This mismanagement has now triggered deeper cracks. The NNPC workforce—over 5,500 strong—is threatening a nationwide strike over alleged irregularities, while confu­sion surrounds the purported resignation of Group Managing Director, Bayo Ojulari, who later denied stepping down. The episode un­derscores the mounting crisis in the oil giant.

Ojulari has hinted at the obvious solution: selling the refineries. With a combined capacity of 445,000 barrels per day—smaller than the 650,000 barrels of the Dangote refinery—these facilities have consistently failed despite re­peated injections of public funds. Meanwhile, Nigeria’s private sector has demonstrated the capacity to deliver results, as seen in telecoms and power generation after government divest­ment.

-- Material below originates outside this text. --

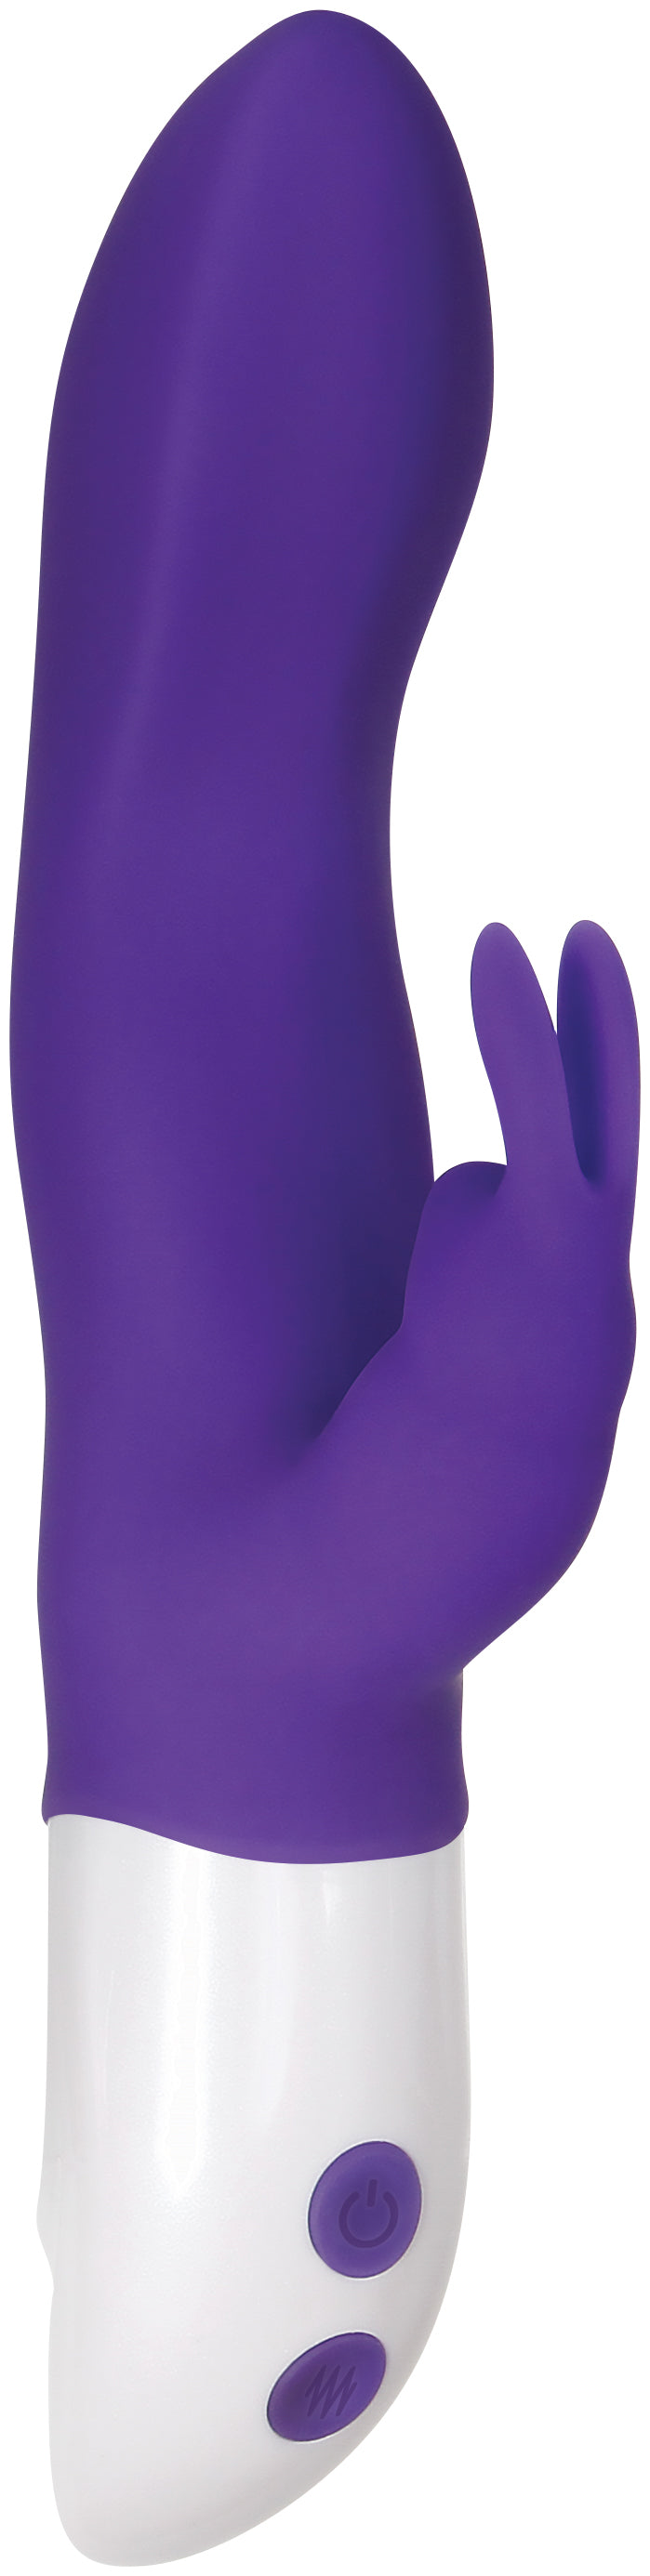 Eve's Big Love Rechargeable Rabbit AE-BL-5842-2

The refineries are plagued by outdated in­frastructure, mismatched imported parts, and ballooning maintenance costs. Experts argue that privatisation would spur competition, sta­bilize fuel supply, strengthen the naira by re­ducing forex demand for imports, and ease the government’s financial burden. And potential buyers already exist: independent marketers, modular refinery operators, and possibly Dan­gote Refinery.

The case for privatisation isn’t new. In Au­gust 2023, I argued in this column that selling the refineries was the only logical step under ‘Tinubunomics: Time To Sell The Petroleum Refineries.’ After over N11 trillion wasted on maintenance between 2010 and 2020, the facili­ties remain deadweight. Labor unions continue to demand their rehabilitation, but this is nei­ther realistic nor sustainable.

Saudi Aramco and Brazil’s Petrobras long ago shifted focus to more viable projects, leaving inefficient state-run refineries behind. Nigeria must do the same. The longer the government delays, the deeper the crisis within NNPC will fester.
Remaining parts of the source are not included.